Back on track.  Eyes on the prize.  Get it?  Eyes?  No?  Read Sandman.  Anyway, Biden has been under pressure to cancel all student loans, or somewhere approaching all.  Do I have to explain how wrong this would be?  A grant is a conditional gift in which the recipient is granted money for a specific purpose, in this case, education.  However, many are ineligible, or at least, grants cannot cover their full educational expenses as colleges and universities keep raising their costs well above the rate of inflation to cover the salaries of administrators and useless offices.  If Ben Ginsberg's book, The Fall of the Faculty, was timely before the full rise of woke, it is downright prescient-seeming now.  Regardless, federally subsidized loans are...

fucking awesome.

Seriously.

They are an amazing deal, for the borrower.  The interest rates are far below market rates because the loans are taxpayer-funded, and you cannot discharge them through bankruptcy, but the point is that if you go out and get a real education, and major in something real (um...), you won't need to declare bankruptcy.  Then on top of that, federally subsidized loans don't accrue interest as long as you are in school, and there are deferments under a bunch of circumstances even if you are out of school.

Federal student loans are awesome.

They ensure that even if you come from zero money, and even if you don't have access to scholarships, you have a path to the middle class.  Do it right, and it isn't even all that costly.  The cheap way is as follows.  Two years of community college, finish a bachelor's at a state school with a degree in something practical, and you're solid.  Accounting, nursing, something like that, and student loans give you a path to the middle class.

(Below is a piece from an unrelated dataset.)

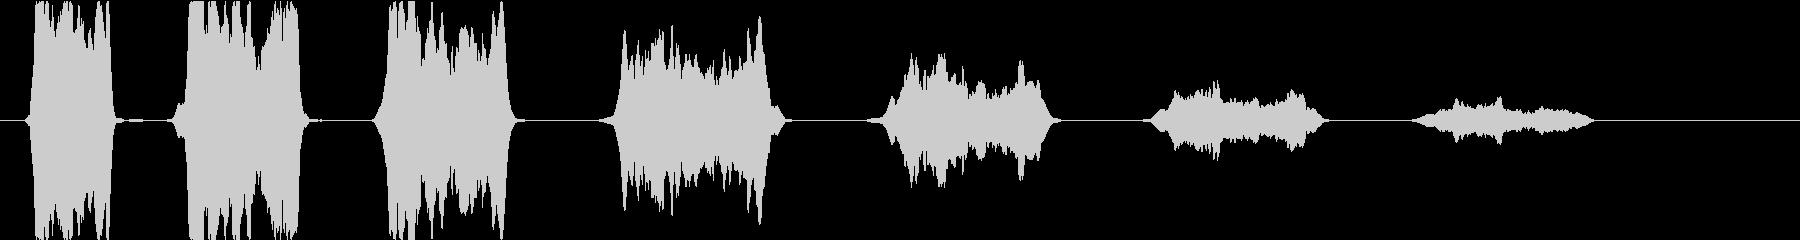 ゲームオーバー:減少していく失敗の音2の未再生の波形

But they are loans.  The deal is, you gotta pay me back.  If someone comes along and says, nah, I am required to relinquish that debt, um, I didn't agree to that!  You got a great deal, you signed up for it, and now, what?  Darth Vader says he is altering the terms of our deal, and I should pray he doesn't alter it any further?  Contracts need to be enforced.

We cannot have contracts or loans if a debtor can go to one guy and say, cancel my debt 'cuz debt is bad.

Y'all already got a great deal.  We'all already got a great deal.  Part of the deal is living up to one's side of the deal.

But there's a problem when the deal is made in bad faith because there's a third party.  The institution of lower learning, and I'll leave it to the hypothetical reader to decide how many institutions fall into that category.  Yet those of the Corinthian persuasion certainly did.  They were a scam.

This introduces several questions.  Do we blame those who got taken?  At a certain level, anyone who gets taken by an obvious scam bears some responsibility, but the glitch here is that, by definition, the for-profit college scam preys on the uneducated, and hence those least able to discern a scam.  Yeah, that sounds elitist, but what do you expect?

Even if those taken by the scam bear some responsibility in some vague moral sense, do we as a nation force them to bear the financial cost?  Or can we, as taxpayers, say that they have already paid enough of a cost?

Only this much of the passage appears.